Now we compare an other model (baseModel) that has only transmission am variable as the predictor with the finalModel.
baseModel <- lm(mpg ~ am, data = mtcars)
anova(baseModel, finalModel)
## Analysis of Variance Table
##
## Model 1: mpg ~ am
## Model 2: mpg ~ cyl + hp + wt + am
## Res.Df RSS Df Sum of Sq F Pr(>F)
## 1 30 721
## 2 26 151 4 570 24.5 1.7e-08 ***
## ---
## Signif. codes: 0 '***' 0.001 '**' 0.01 '*' 0.05 '.' 0.1 ' ' 1
The p-value of finalModel is highly significant and we reject the null hypothesis that the confounder variables cyl, hp and wt don’t contribute to the accuracy of the model.
Since we are interested in the effects of car transmission type on mpg, we plot boxplots of the variable mpg when am is Automatic or Manual.

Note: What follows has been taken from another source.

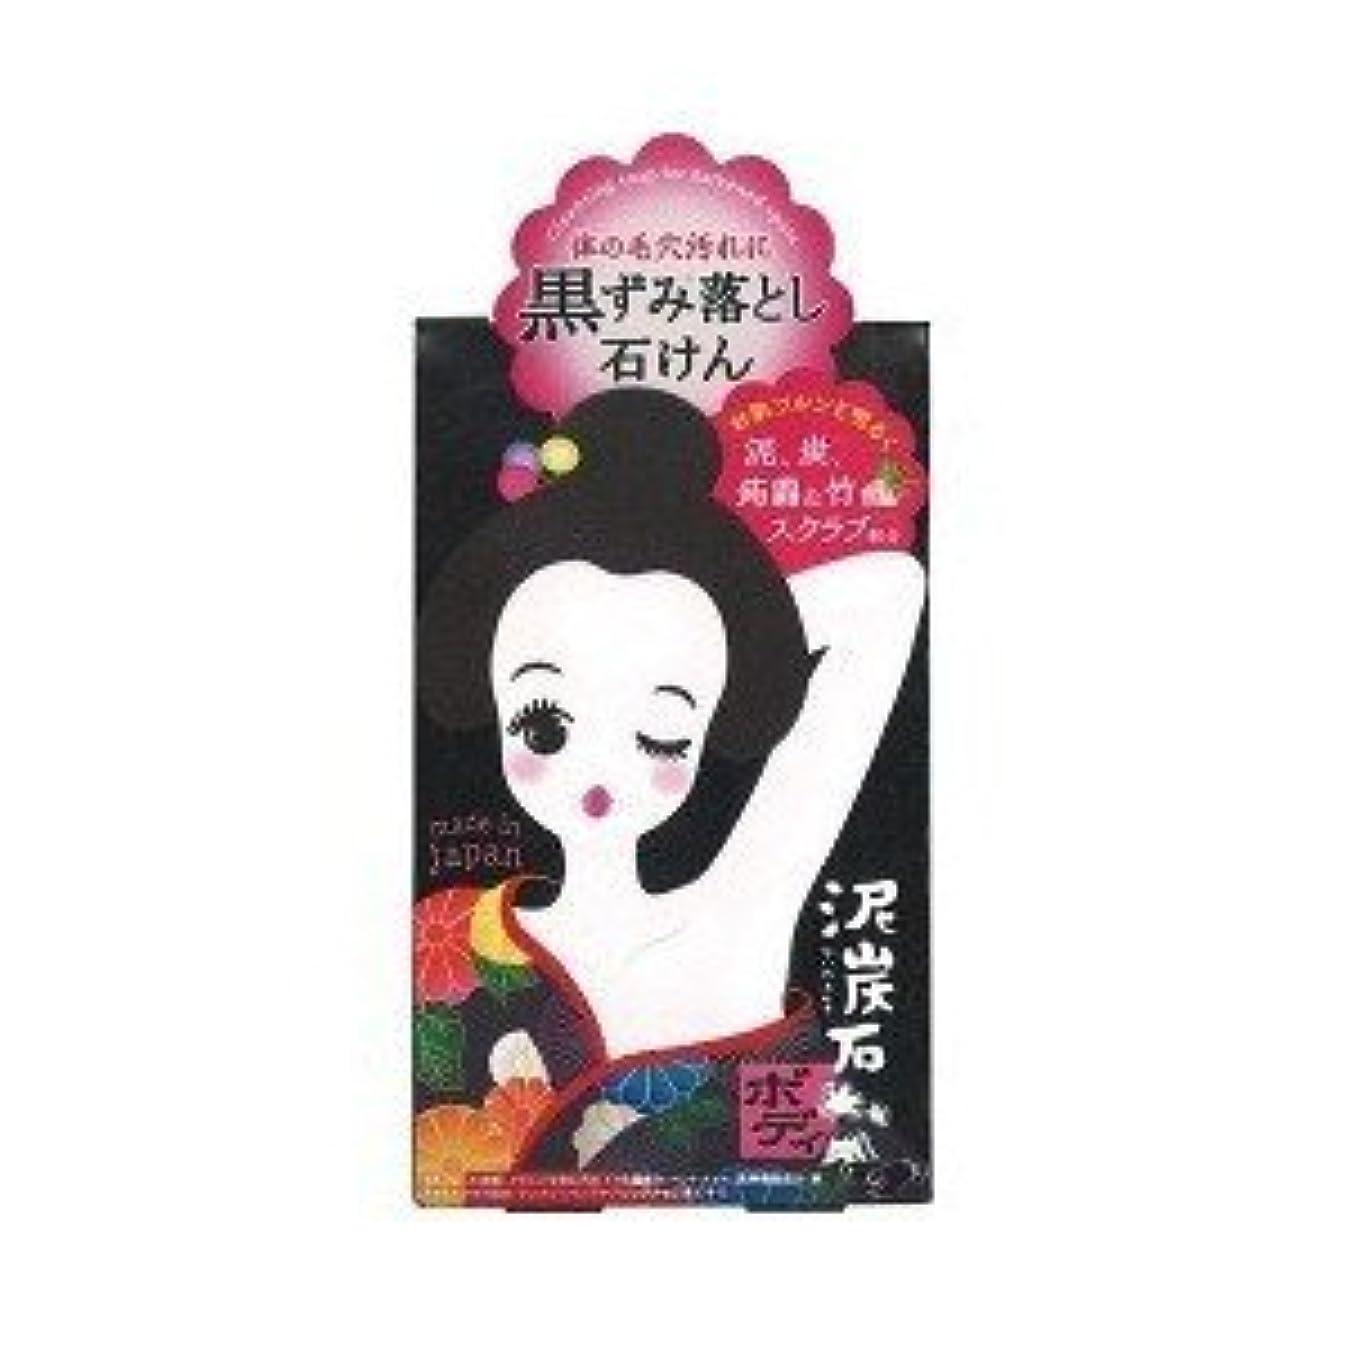 磁気トレース付属品(ペリカン石鹸)ペリカン 泥炭石 ボディスクラブ石鹸 100g
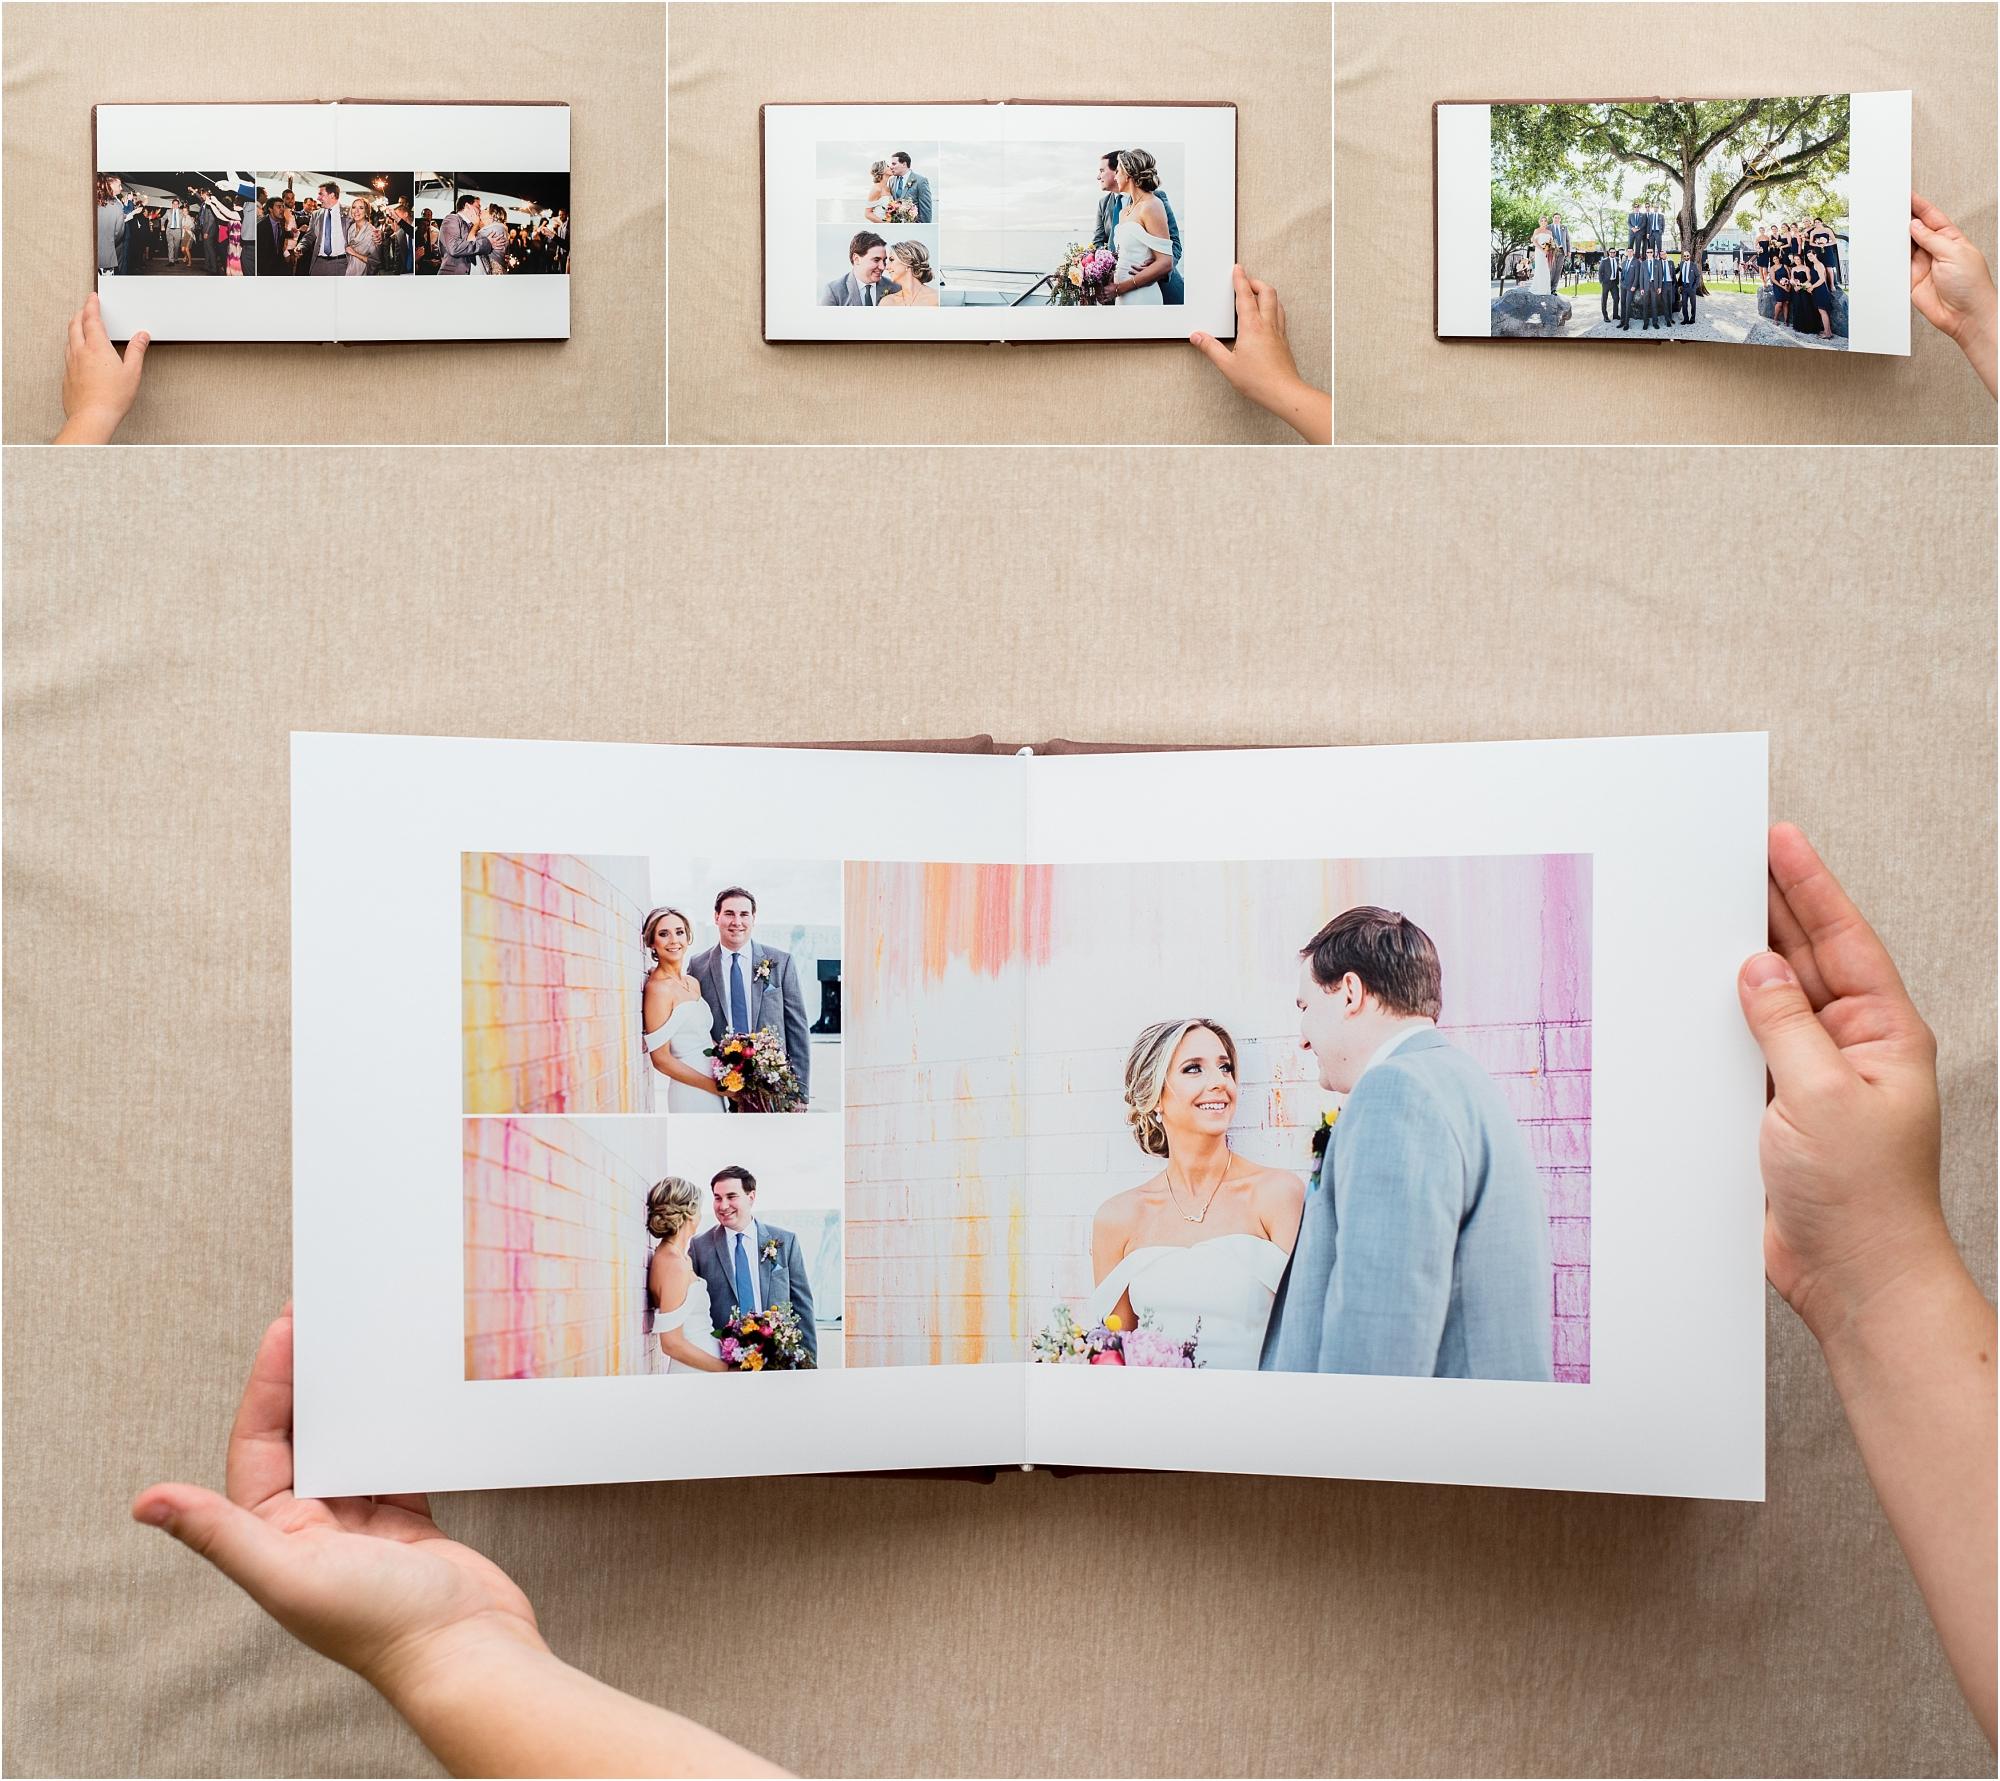 wedding album-miami-photographer-jessenia gonzalez-redtree album_1356.jpg

plot(mpg ~ am, data = mtcars)
This plot clearly depicts an increase in the mileage (mpg) when the transmission is Manual.
In this section, we’ll analyse the residual plots of our finalModel and also compute some of the regression diagnostics for our model to find out some interesting leverage points (outliers) in the data set.
par(mfrow = c(2, 2))
plot(finalModel)
From the above plots, we can make the following observations,
The points in the Residuals vs. Fitted plot seem to be randomly scattered on the plot and verify the independence condition.
The Normal Q-Q plot consists of the points which mostly fall on the line indicating that the residuals are normally distributed.
The Scale-Location plot consists of points scattered in a constant band pattern, indicating constant variance.
There are some distinct points of interest (outliers or leverage points) in the top right of the plots.
We now compute some regression diagnostics of our model to find out these interesting leverage points as shown in the following section. We compute top three points in each case of influence measures.
leverage <- hatvalues(finalModel)
tail(sort(leverage), 3)
## Toyota Corona Lincoln Continental Maserati Bora
## 0.2778 0.2937 0.4714
influential <- dfbetas(finalModel)
tail(sort(influential[, 6]), 3)
## Chrysler Imperial Fiat 128 Toyota Corona
## 0.3507 0.4292 0.7305
Based on the observations from our finalModel, we can conclude the following:
Cars with Manual transmission get more miles per gallon mpg compared to cars with Automatic transmission (1.8 adjusted by hp, cyl, and wt).
mpg will decrease by 2.5 (adjusted by hp, cyl, and am) for every 1000 lb increase in wt.
mpg decreases negligibly with increase of hp.
If number of cylinders, cyl increases from 4 to 6 and 8, mpg will decrease by a factor of 3 and 2.2 respectively (adjusted by hp, wt, and am).